Allen Oliff, Senior Vice President of GSK's Oncology Center for Excellence in Drug Discovery, said: "We are very encouraged by the recent clinical data on eltrombopag. This product clearly has the potential to be a significant advance in the treatment of thrombocytopenia, a condition which has few therapeutic options and can lead to sub-optimal treatment for patients suffering from a number of conditions including cancer and liver disease."
World-wide, 400,000 women die each year as a result of breast cancer, and its prevalence is increasing with approximately 1.5 million new cases diagnosed every year. Tykerb, a dual-kinase inhibitor, is an oral once-daily treatment currently being developed for breast cancer and other tumors. It works by inhibiting two well-validated targets in oncology, the kinase components of ErbB1 (EGFR) and ErbB2 receptors, which are associated with cancer-cell proliferation and tumor growth.
Data presented at today's seminar, and at the recent European Cancer Conference (ECCO) in Paris, illustrate the promising efficacy and safety profile of Tykerb.

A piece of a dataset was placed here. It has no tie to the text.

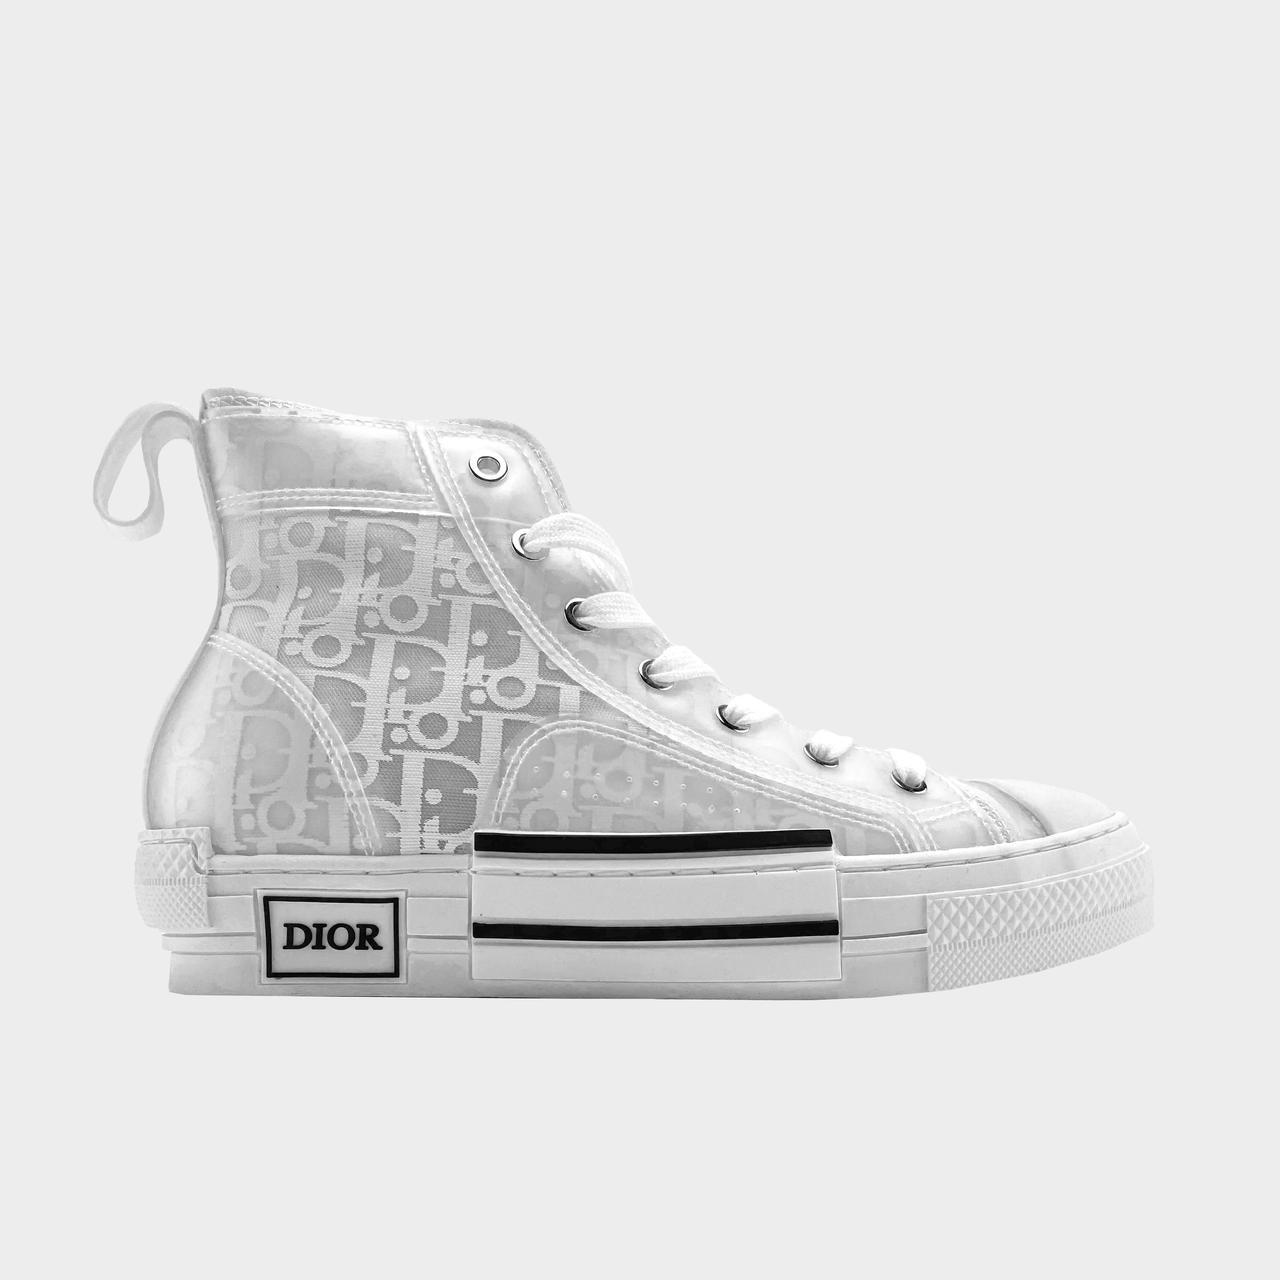 Кроссовки женские Dior B23 High-Top Silver White (Белый). Женские кроссовки Диор белого цвета.

Interim results from an international phase II trial of Tykerb as first-line therapy in 40 patients with advanced or metastatic breast cancer (with ErbB2 overexpression) showed that 33% of patients had tumor reductions, with 40% of patients experiencing clinical benefit (tumor reduction or stable disease for at least 24 weeks). A further update will be presented at the San Antonio Breast Cancer Symposium on 8th December.
Tykerb has also shown preliminary activity in the treatment of brain metastases, which represents a significant unmet medical need for breast cancer patients.

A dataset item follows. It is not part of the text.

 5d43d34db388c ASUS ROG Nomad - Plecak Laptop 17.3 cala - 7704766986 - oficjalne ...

Results were recently analyzed from a 416 patient phase II/III clinical trial in the treatment of renal cancer. While the primary end-point was not met in the full population, a preliminary analysis of the sub-group of 241 patients with over-expression of EGFR demonstrated a statistically significant survival benefit for patients receiving Tykerb. This data is expected to be presented at ASCO in 2006.
In the 3,500 patients who are part of its clinical development program, Tykerb to date has shown a low incidence of cardiotoxicity, a condition associated with some breast cancer treatments. The most frequently reported adverse events associated with Tykerb have been mild to moderate itching, rash, diarrhea, acne, and dry skin.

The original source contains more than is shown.